- _Input data_
########
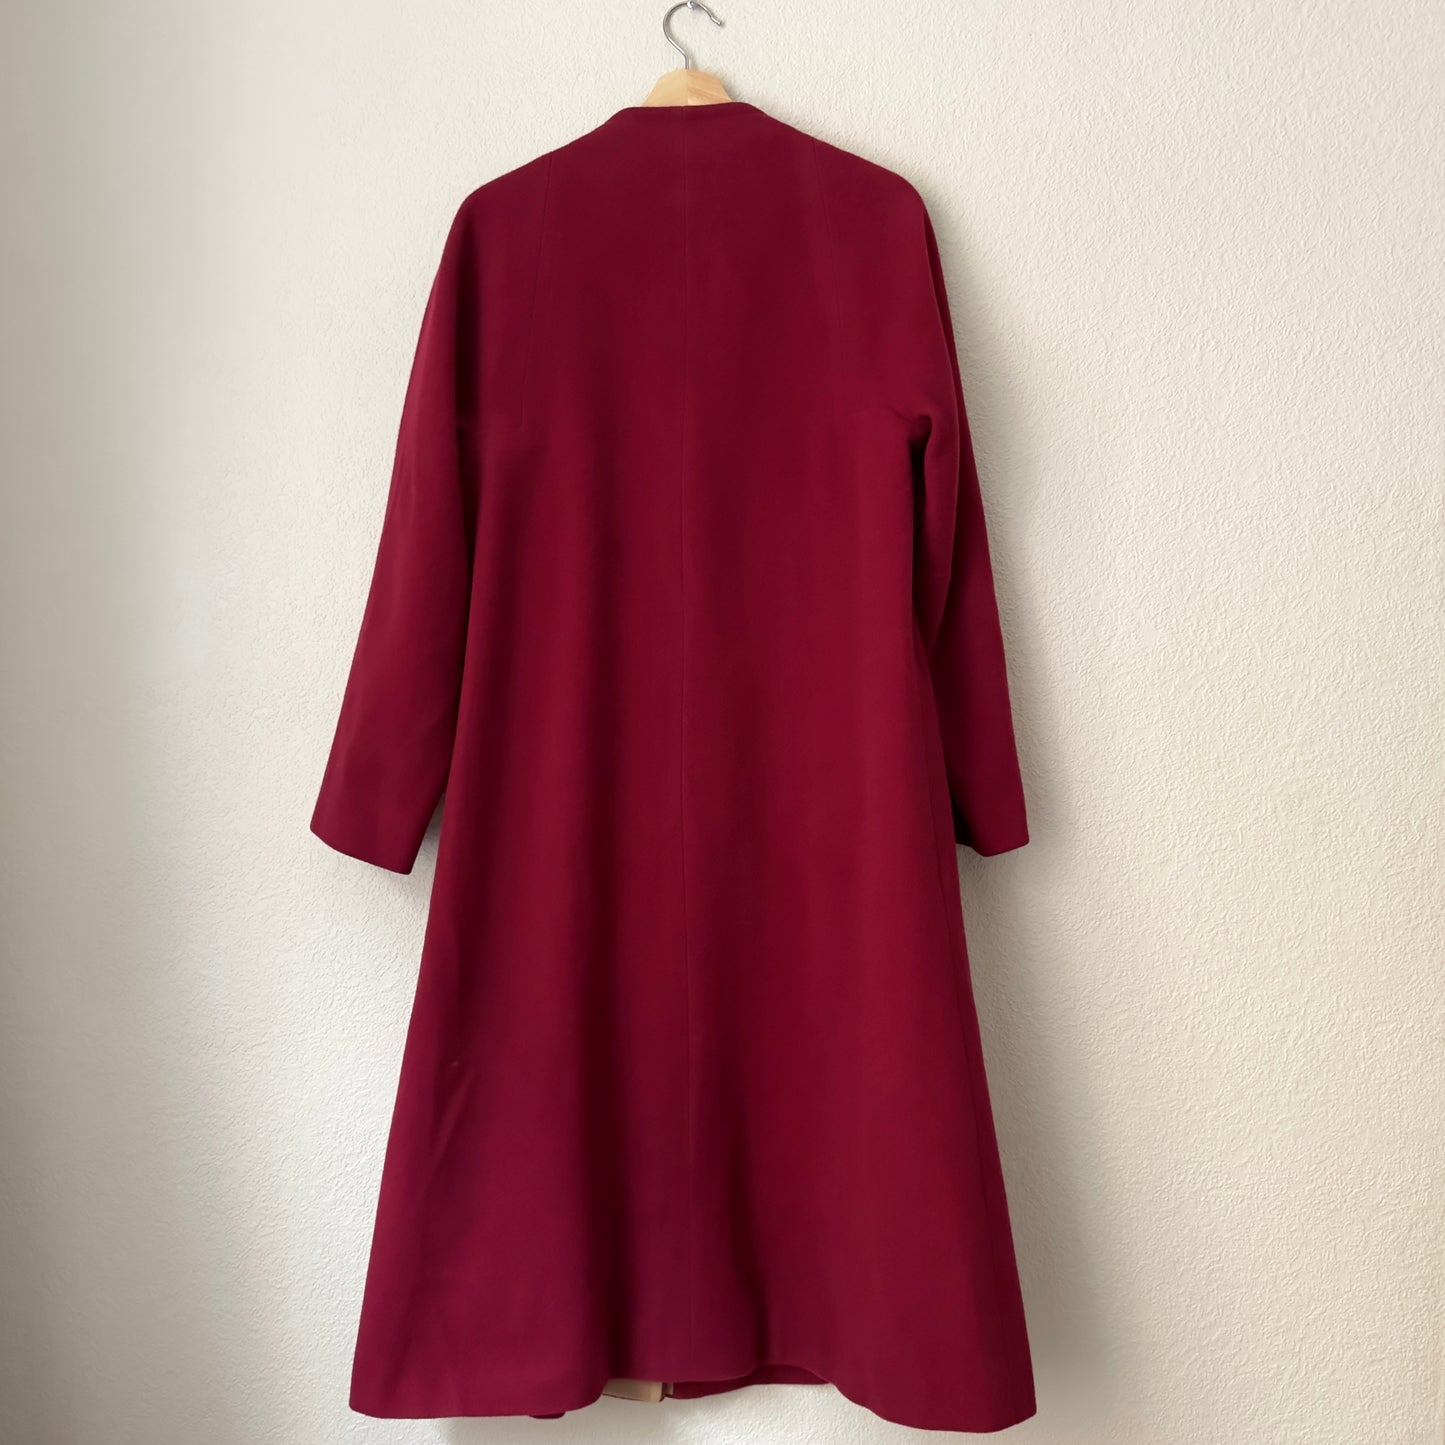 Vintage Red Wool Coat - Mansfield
########
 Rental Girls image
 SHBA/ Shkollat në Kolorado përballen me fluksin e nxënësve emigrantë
########
- _Work task_
Using the records above, write out exactly the lines between the one holding "Rental Girls image" and the one holding "SHBA/ Shkollat në", inclusive; leave everything else out.

- _Solution to the problem_
 Rental Girls image
 SHBA/ Shkollat në Kolorado përballen me fluksin e nxënësve emigrantë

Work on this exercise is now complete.